**What needs to be done:** Of the entries below, restate word for word only the section that runs from the line with "Dame Sexy Nightclub" to the line with "The Rise Of", counting both ends.

(Beginning of Supplied material)

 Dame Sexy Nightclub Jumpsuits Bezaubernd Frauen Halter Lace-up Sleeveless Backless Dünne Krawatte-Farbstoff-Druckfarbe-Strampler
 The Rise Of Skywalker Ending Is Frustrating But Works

(End of Supplied material)
(Beginning of Supplied material)

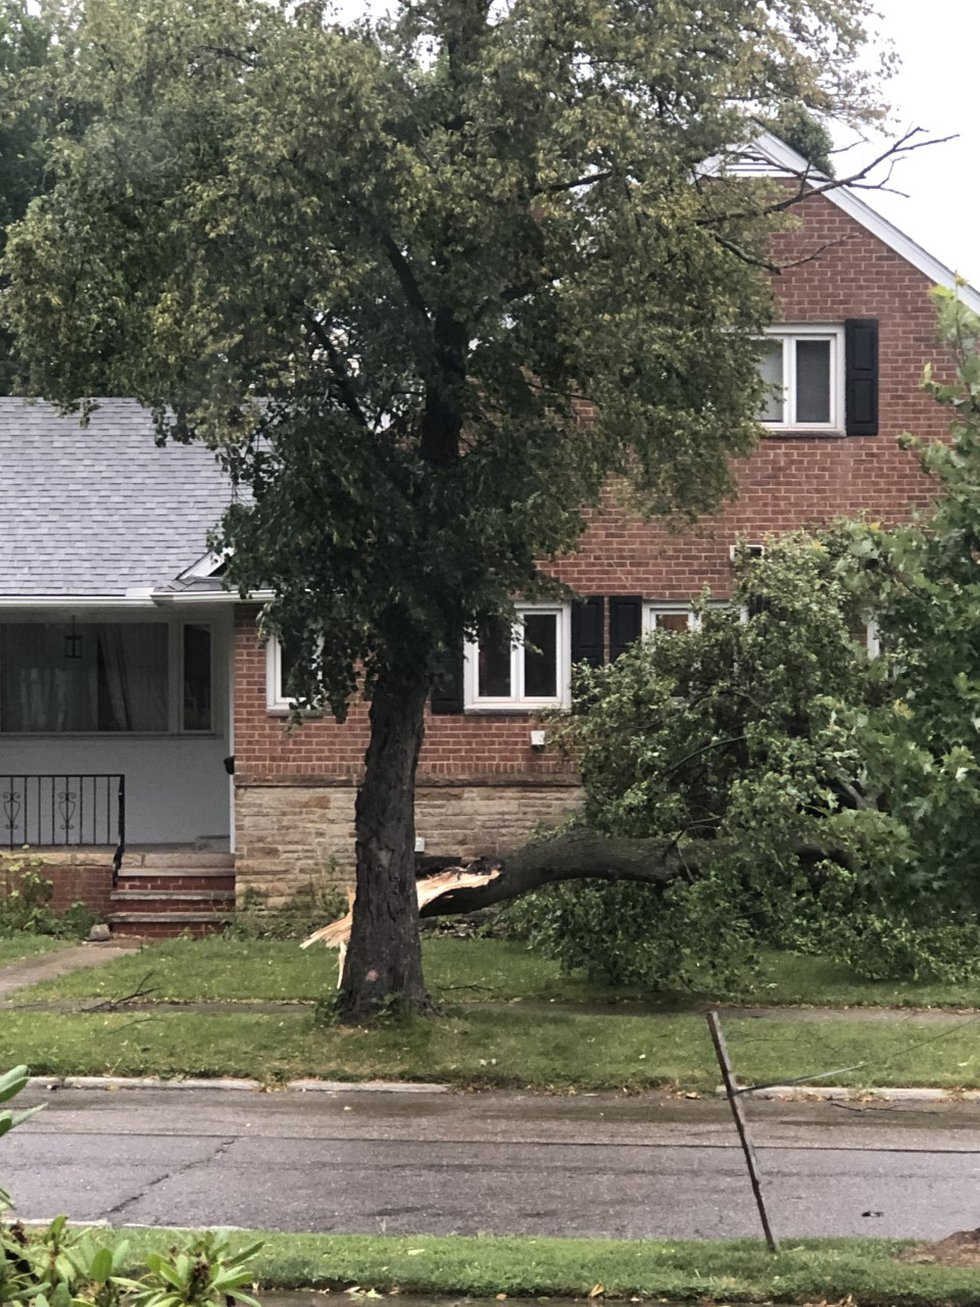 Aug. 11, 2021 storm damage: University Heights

(End of Supplied material)
(Beginning of Supplied material)

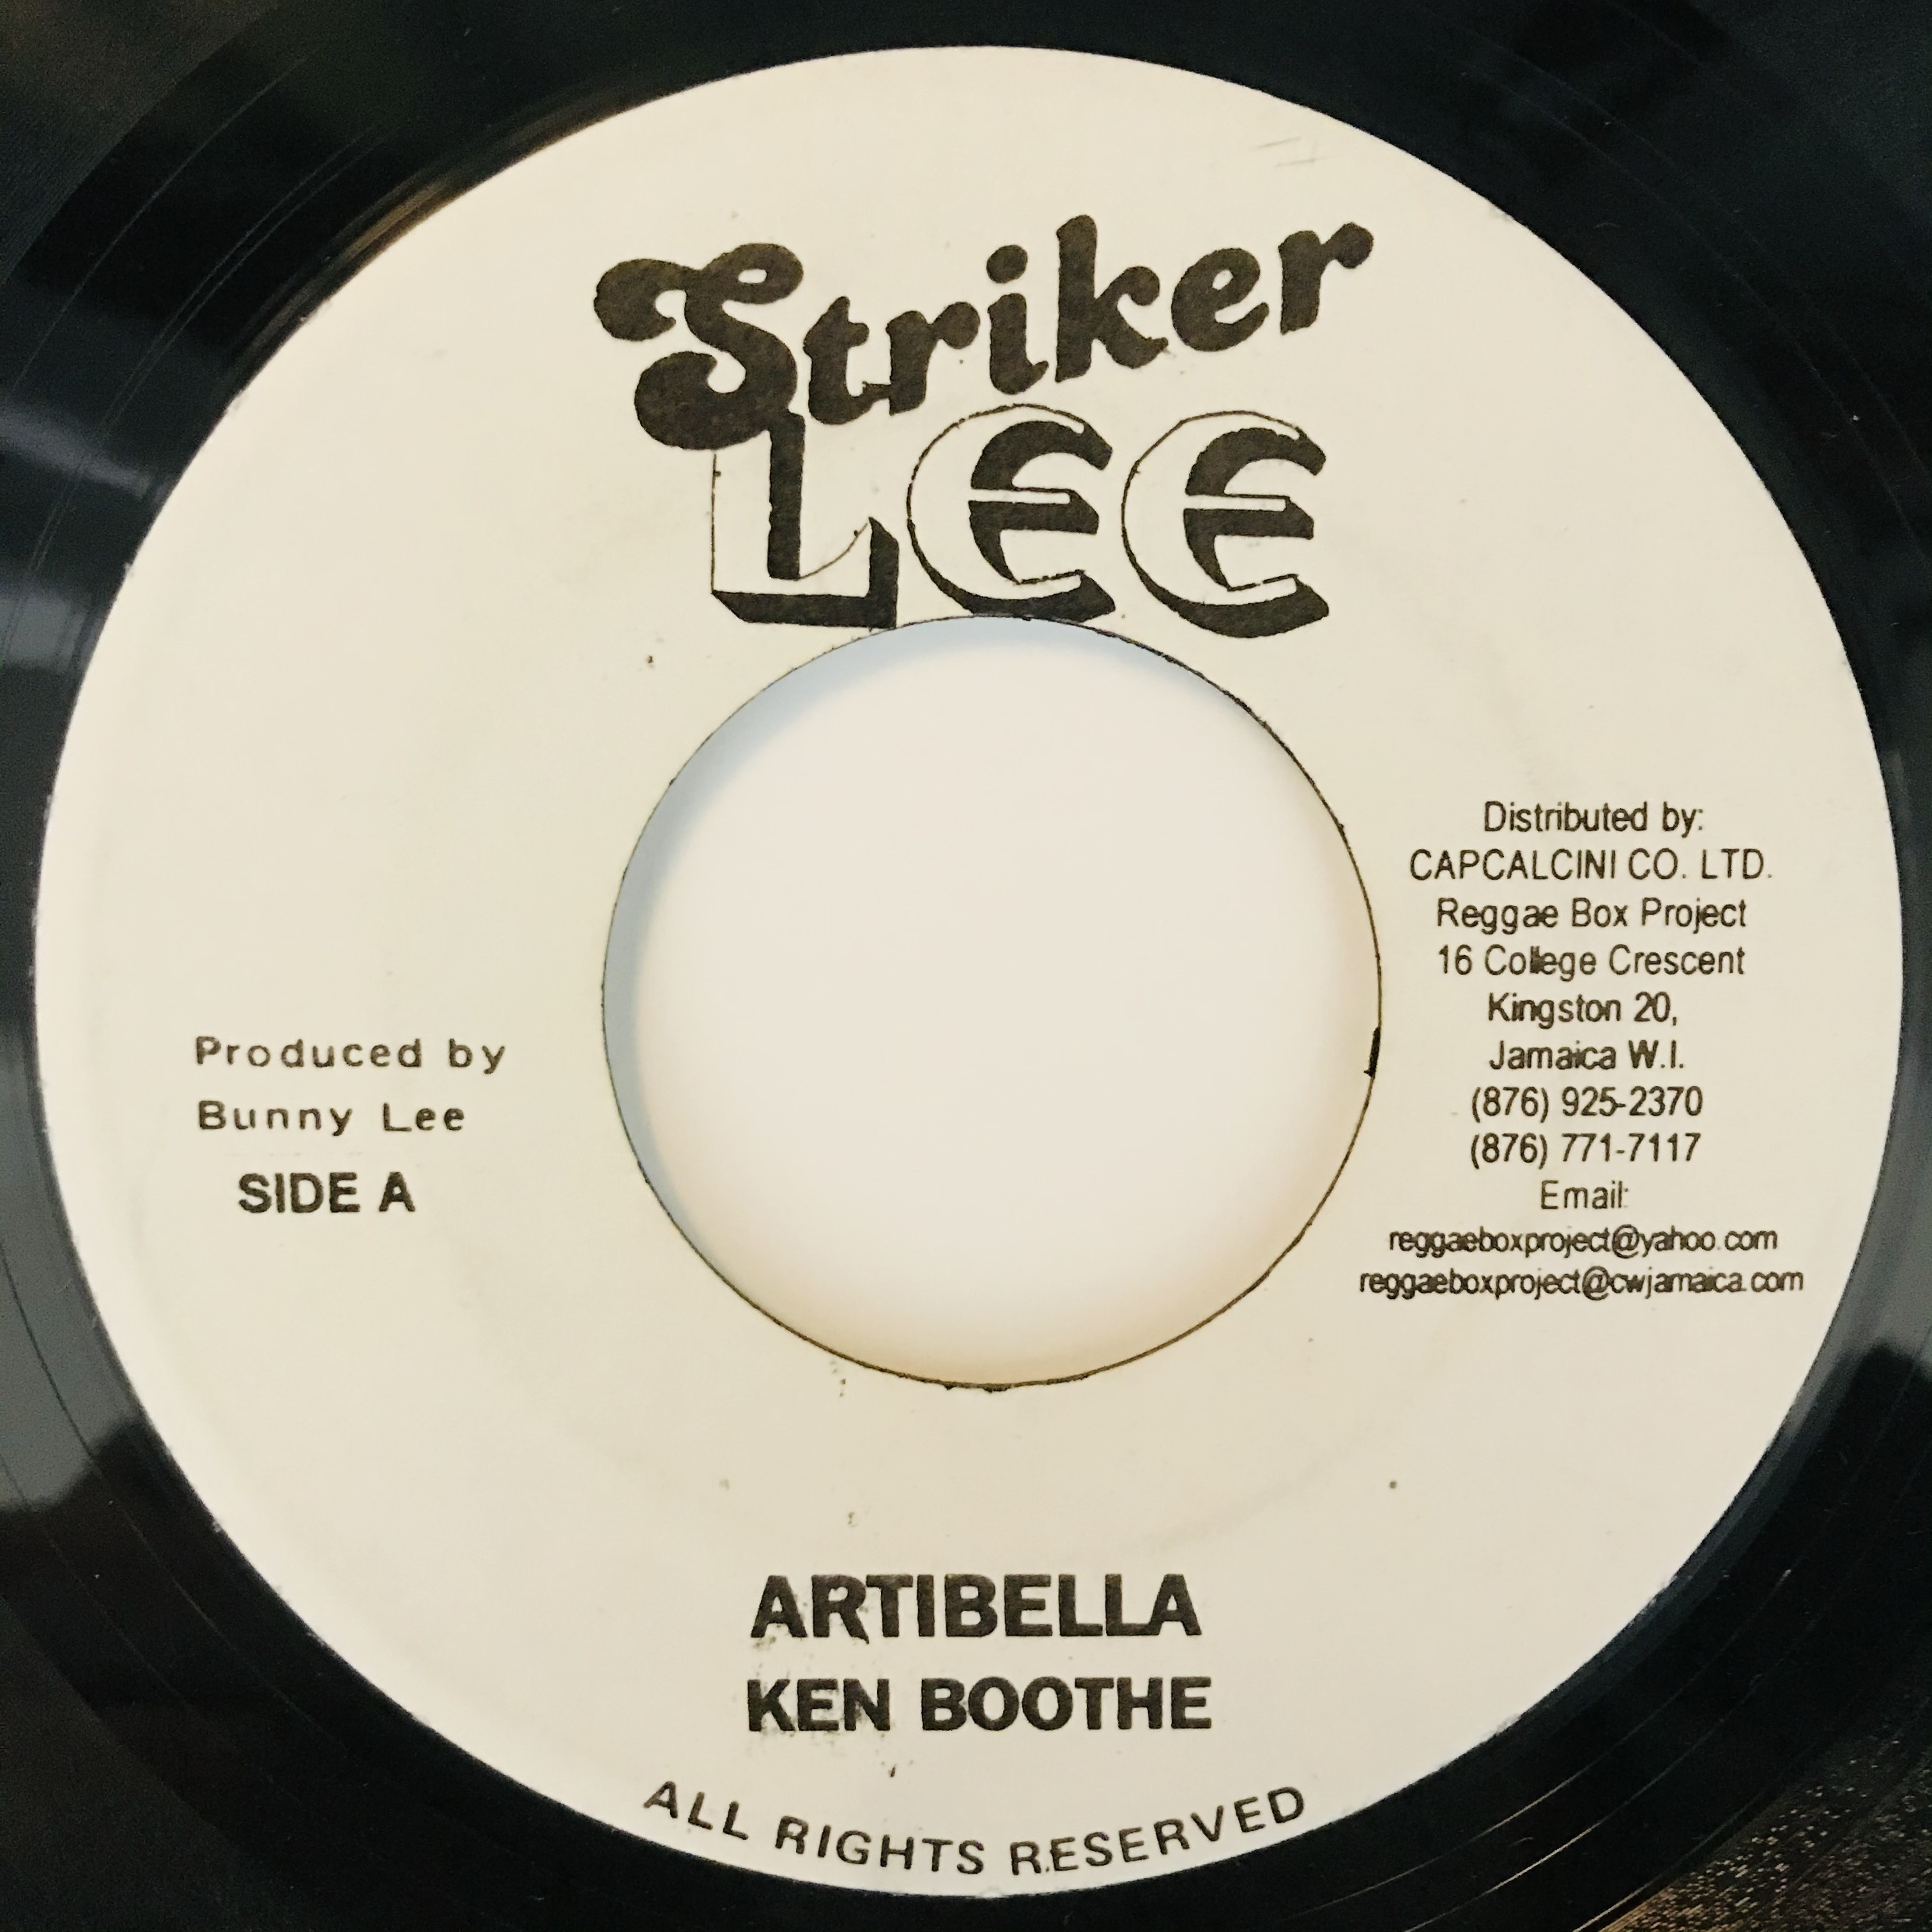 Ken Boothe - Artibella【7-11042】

(End of Supplied material)

**Written reply:**
 Dame Sexy Nightclub Jumpsuits Bezaubernd Frauen Halter Lace-up Sleeveless Backless Dünne Krawatte-Farbstoff-Druckfarbe-Strampler
 The Rise Of Skywalker Ending Is Frustrating But Works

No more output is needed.